> **INFORMATION**
BEGIN

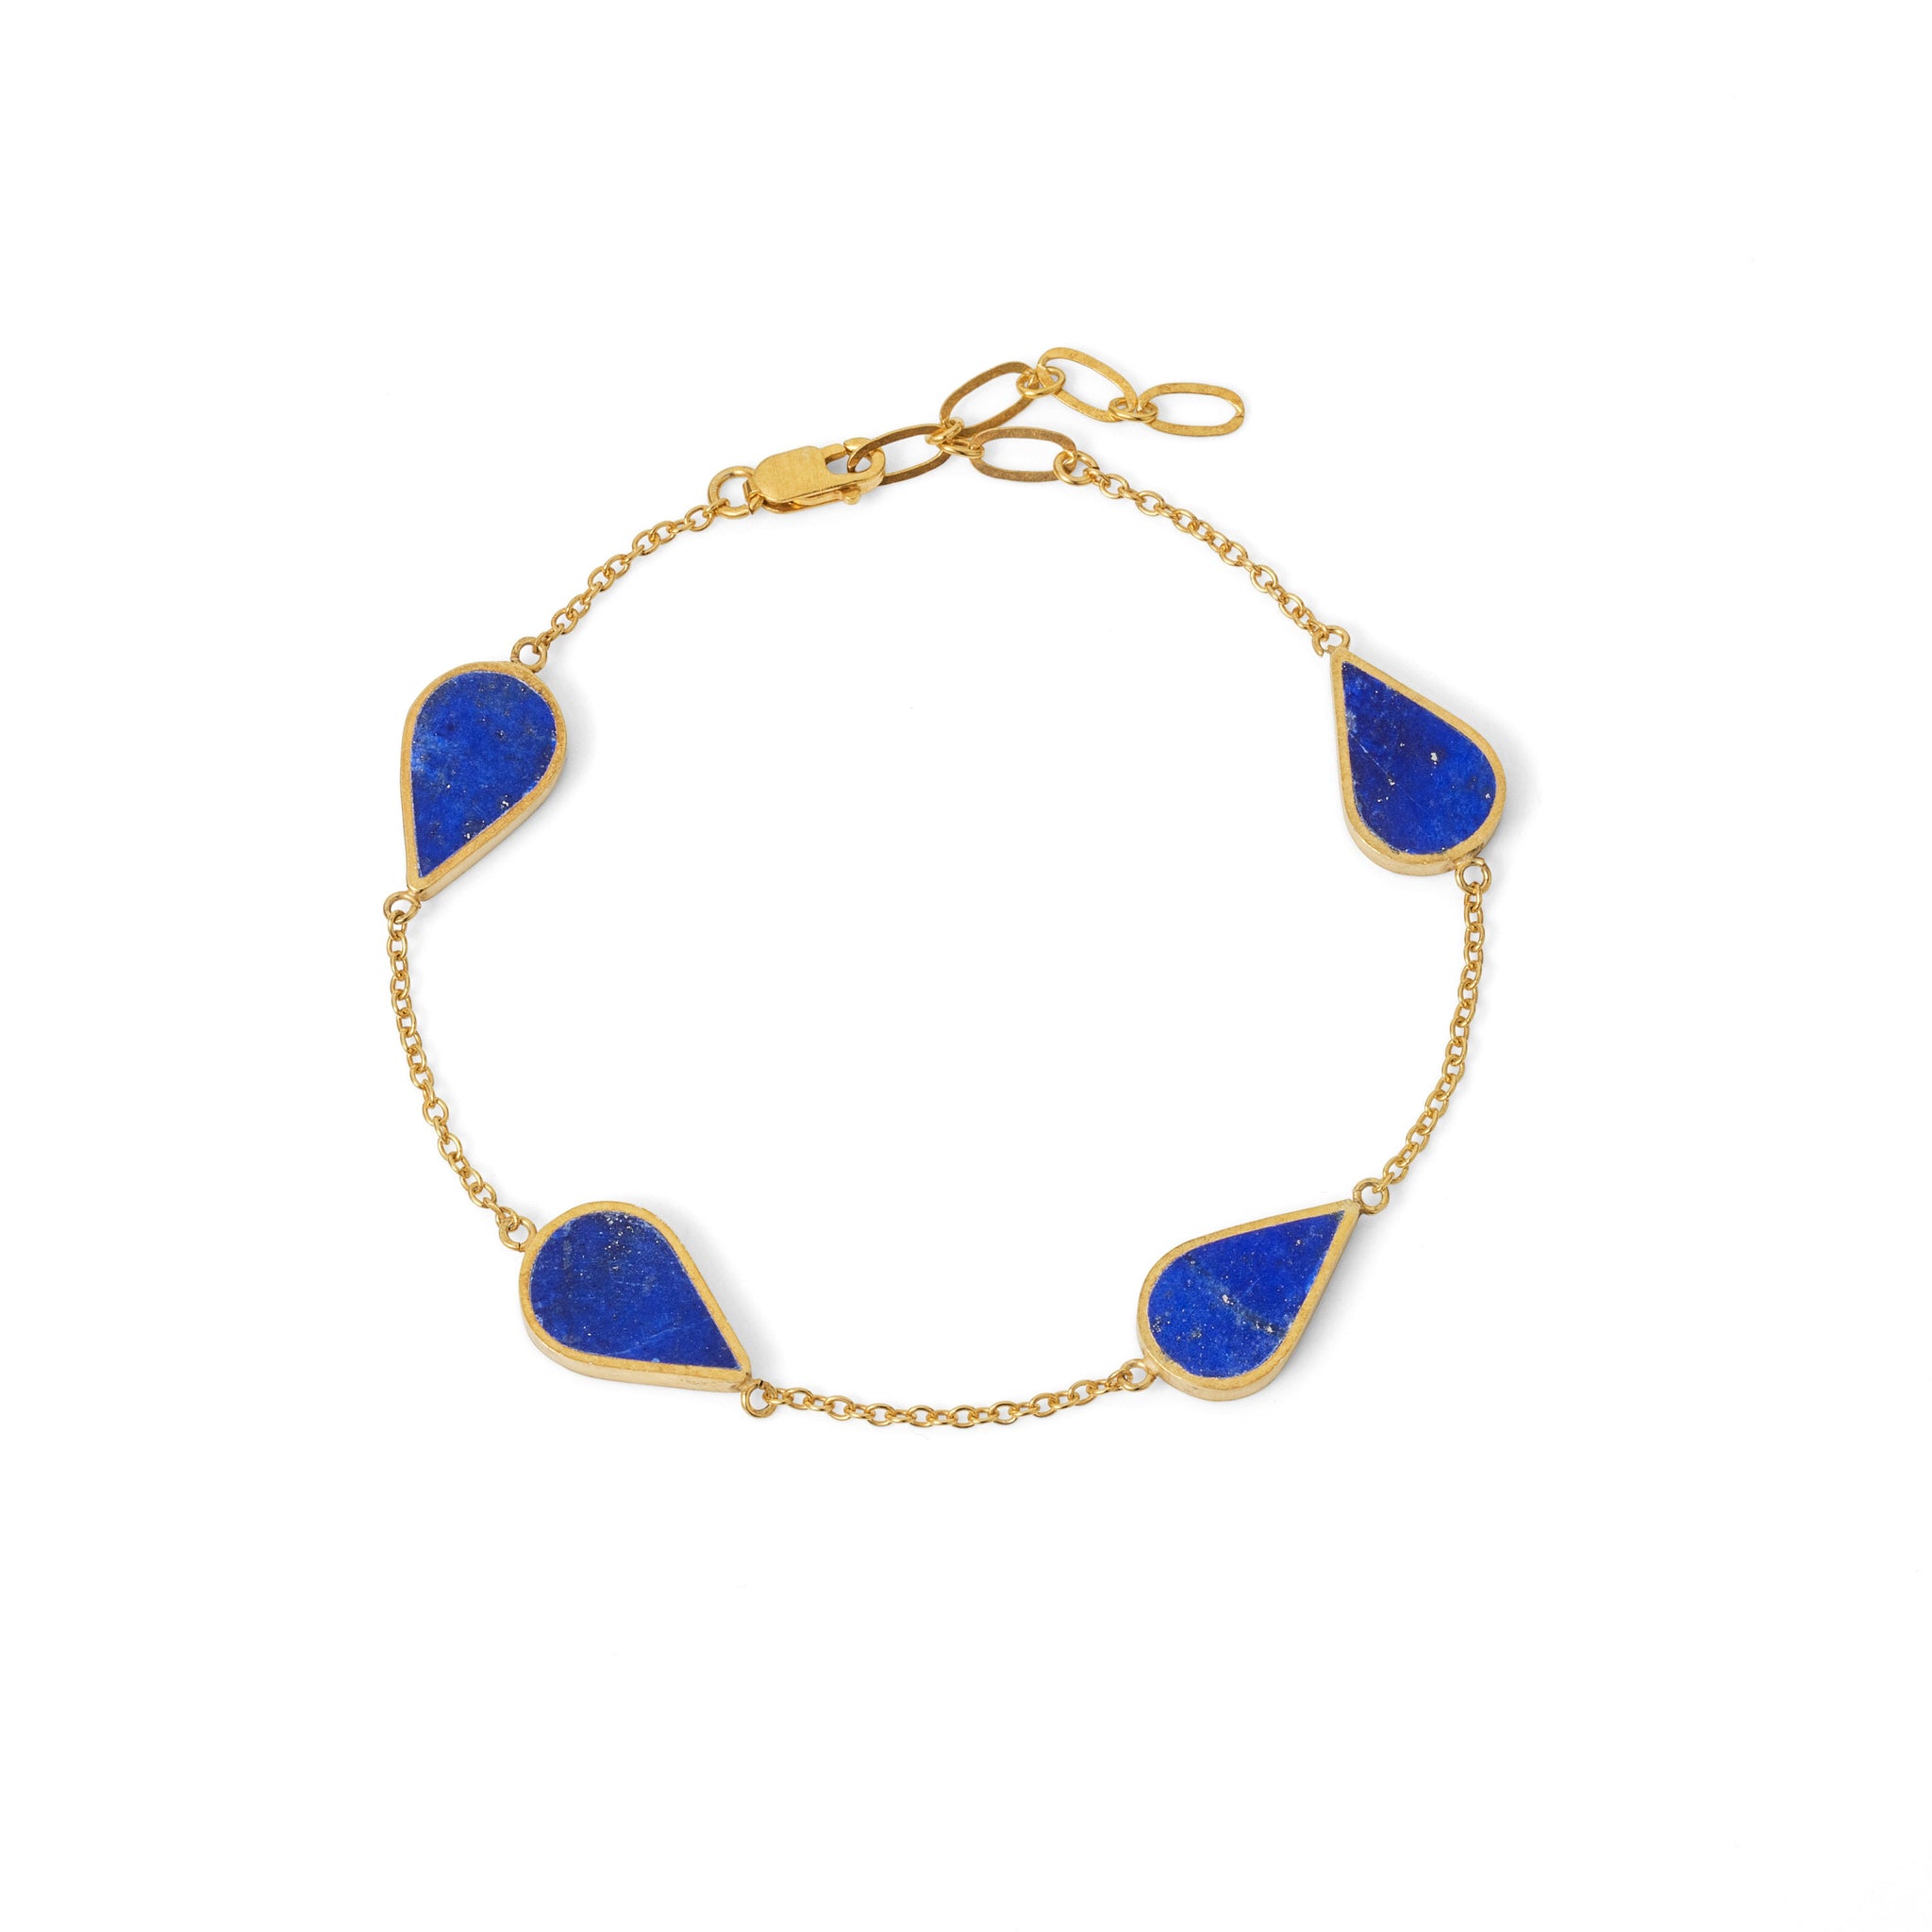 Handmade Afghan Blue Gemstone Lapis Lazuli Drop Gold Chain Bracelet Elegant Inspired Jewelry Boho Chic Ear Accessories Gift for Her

END
BEGIN

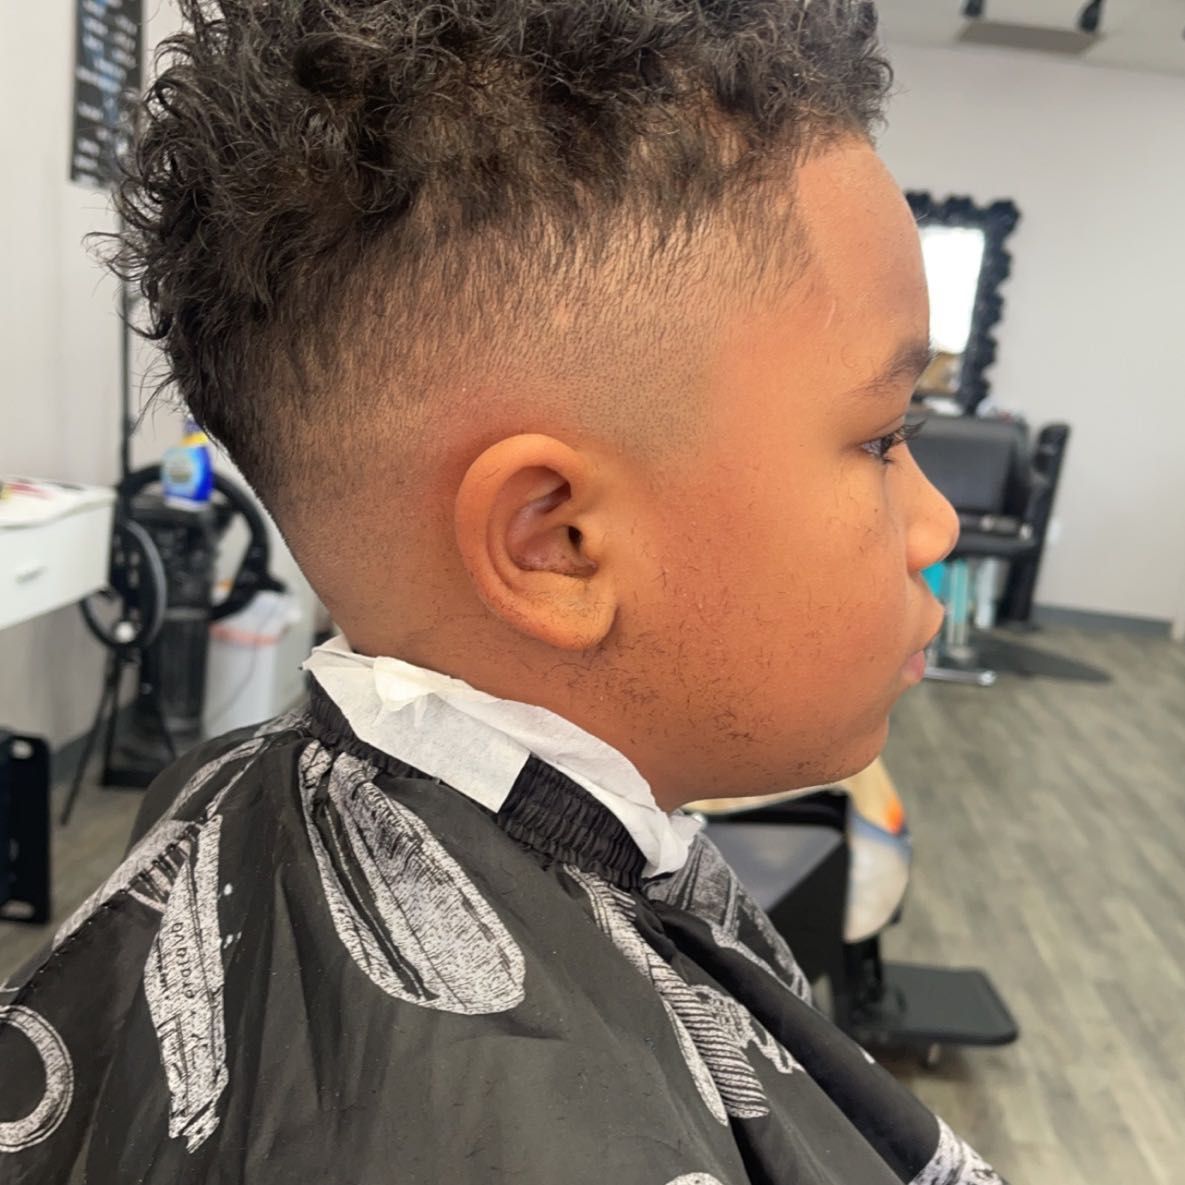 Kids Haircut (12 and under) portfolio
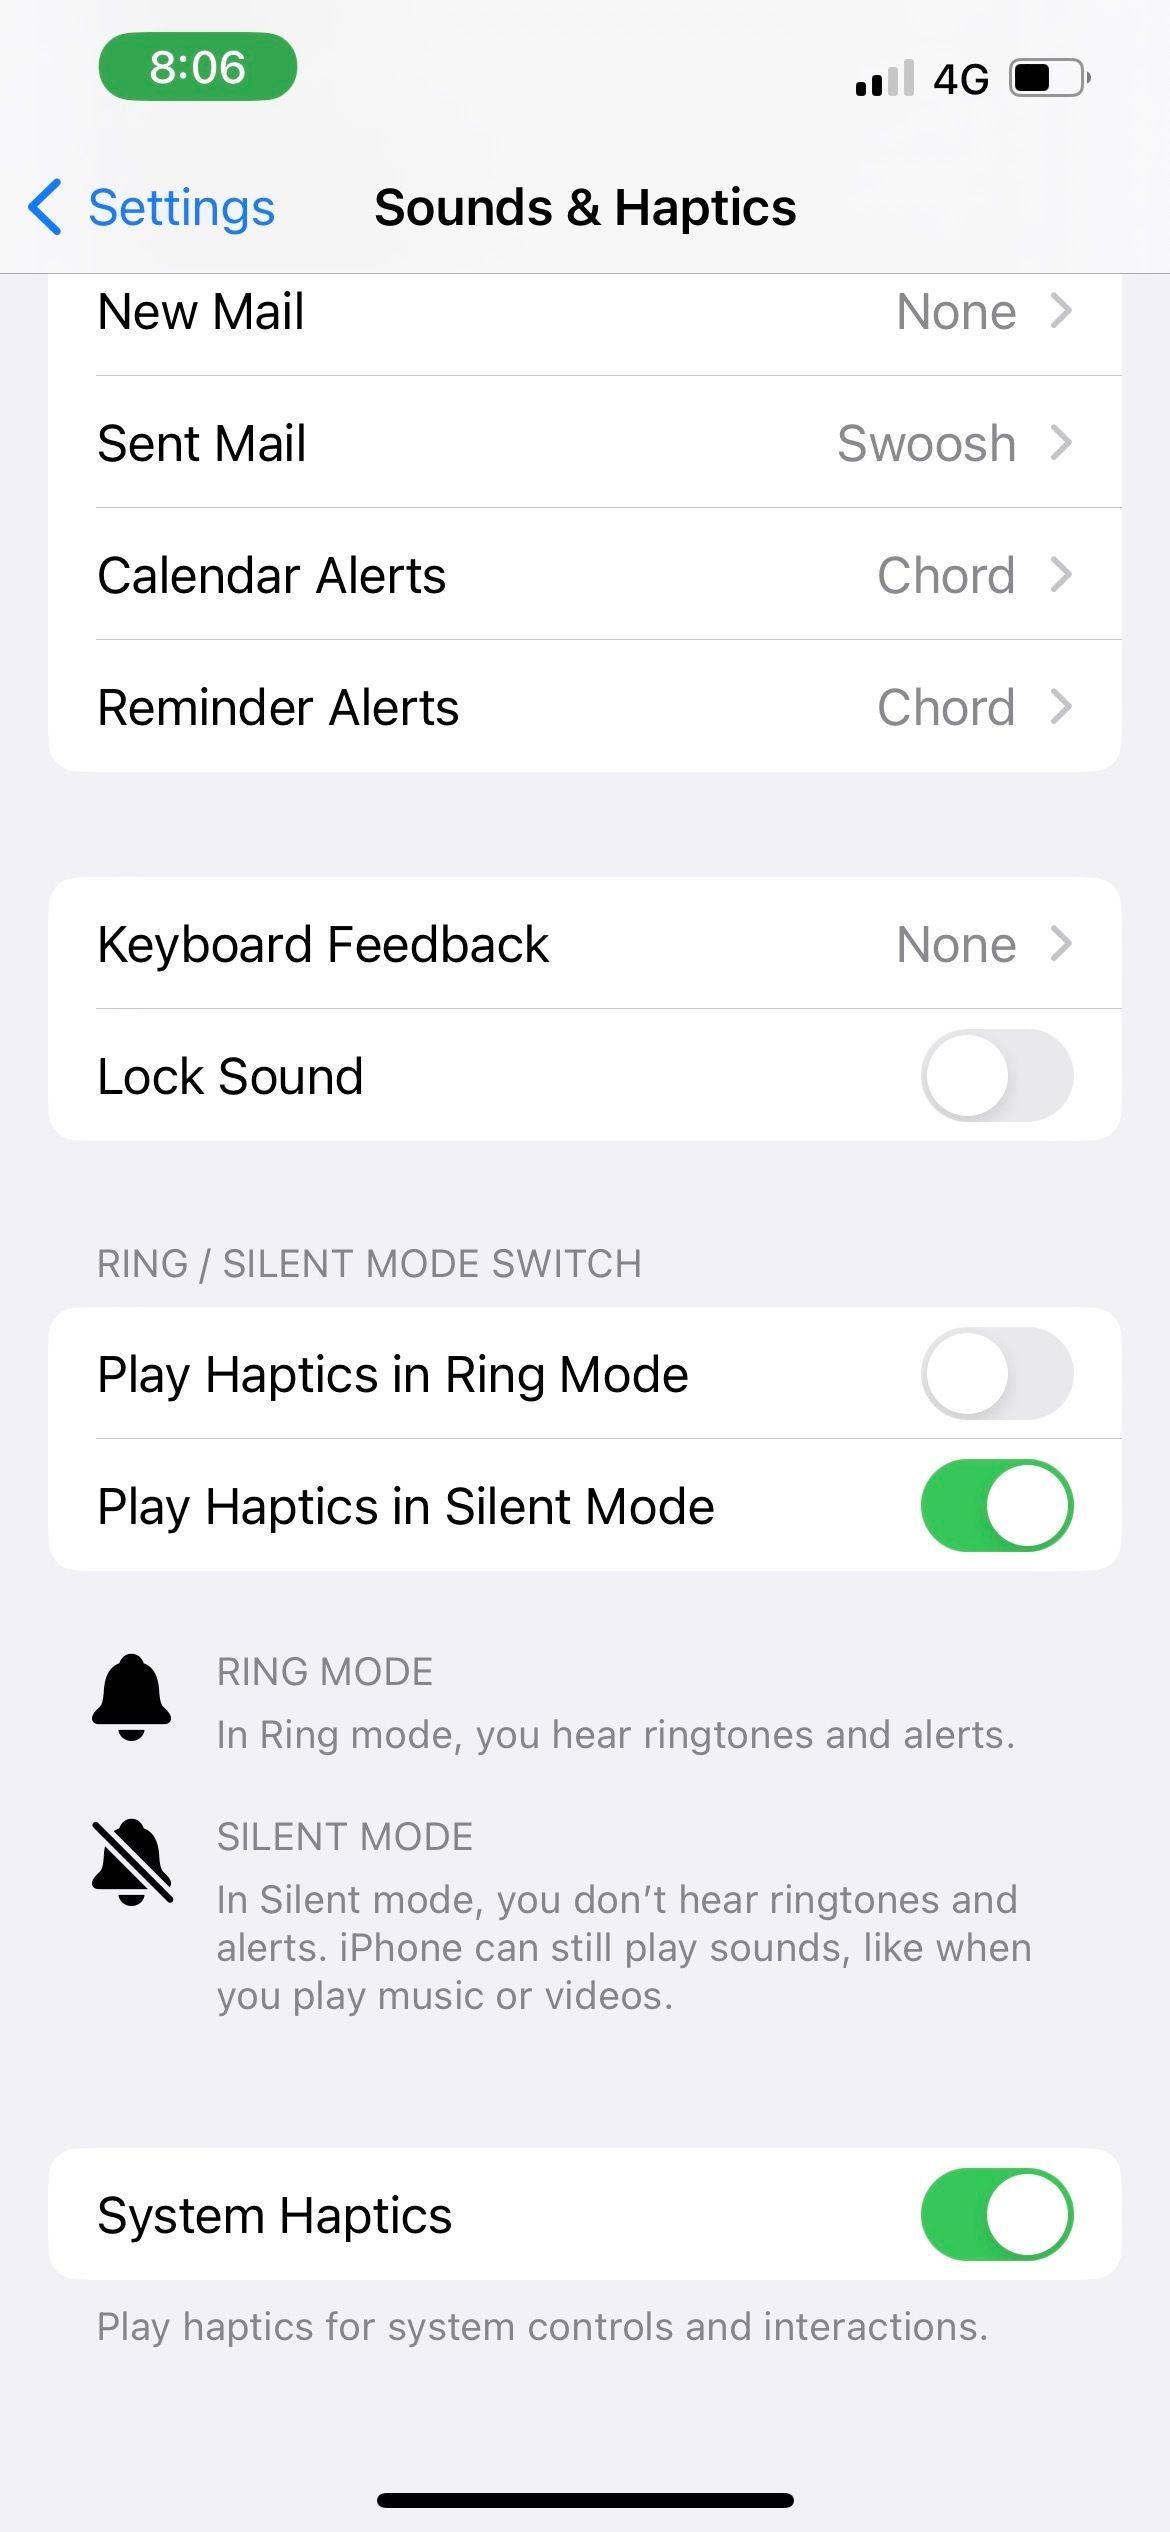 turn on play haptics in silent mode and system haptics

END
BEGIN

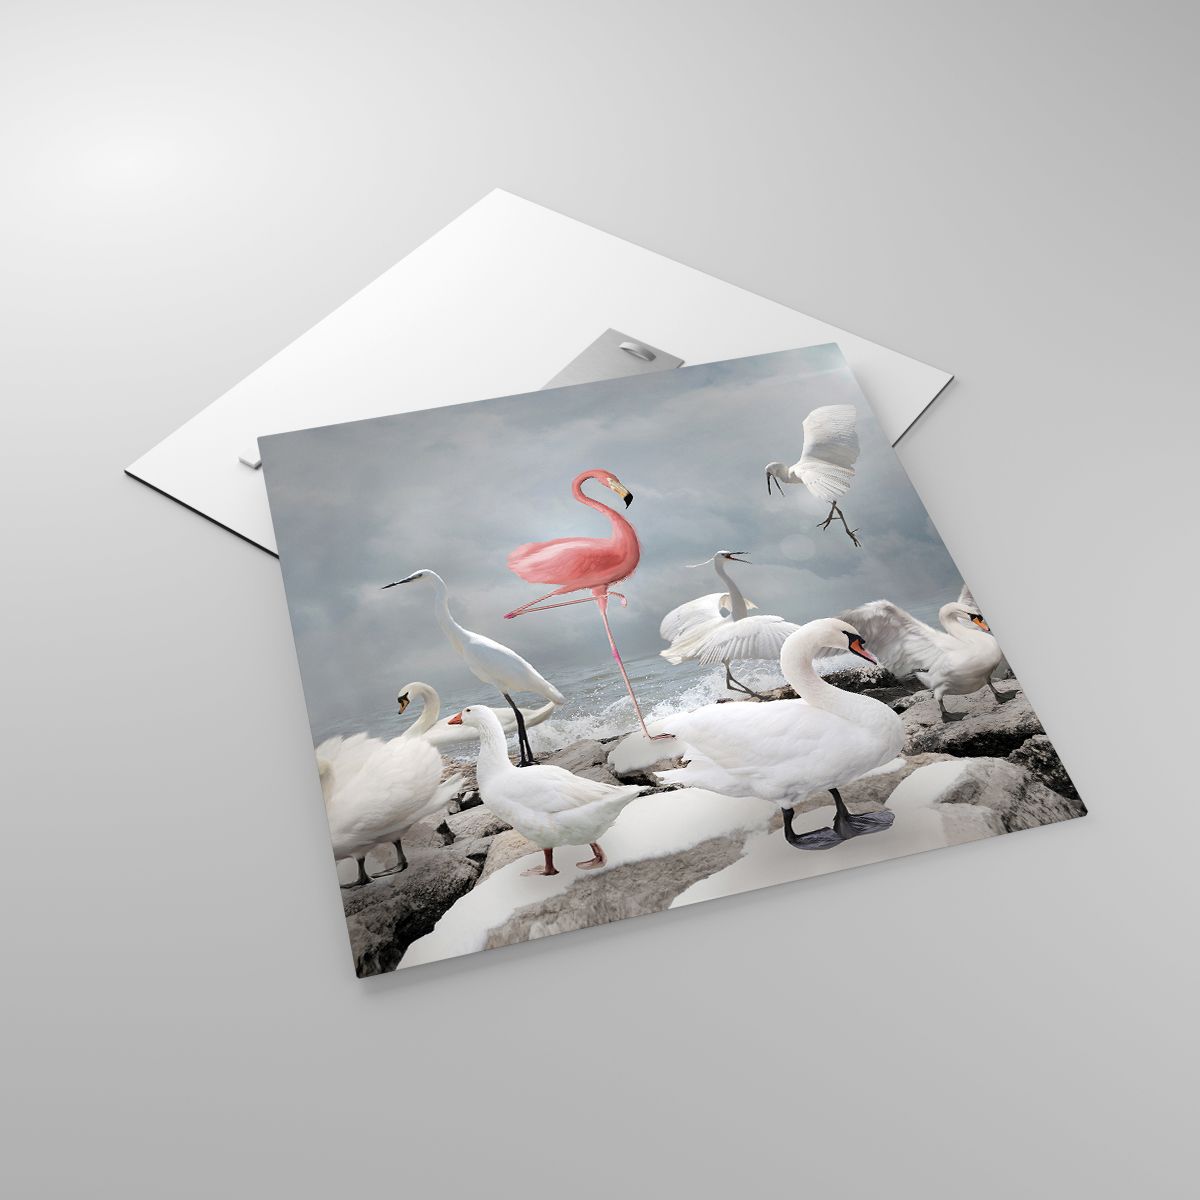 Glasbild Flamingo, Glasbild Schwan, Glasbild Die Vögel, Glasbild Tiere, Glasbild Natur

END

> **WORK TO COMPLETE**
Range to print from the listing above: from the line with "Kids Haircut (12 and under) portfolio" up to and including the line with "turn on play". Please print those lines exactly, with no pictures and nothing more.

> **TASK RESULT**
 Kids Haircut (12 and under) portfolio
 turn on play haptics in silent mode and system haptics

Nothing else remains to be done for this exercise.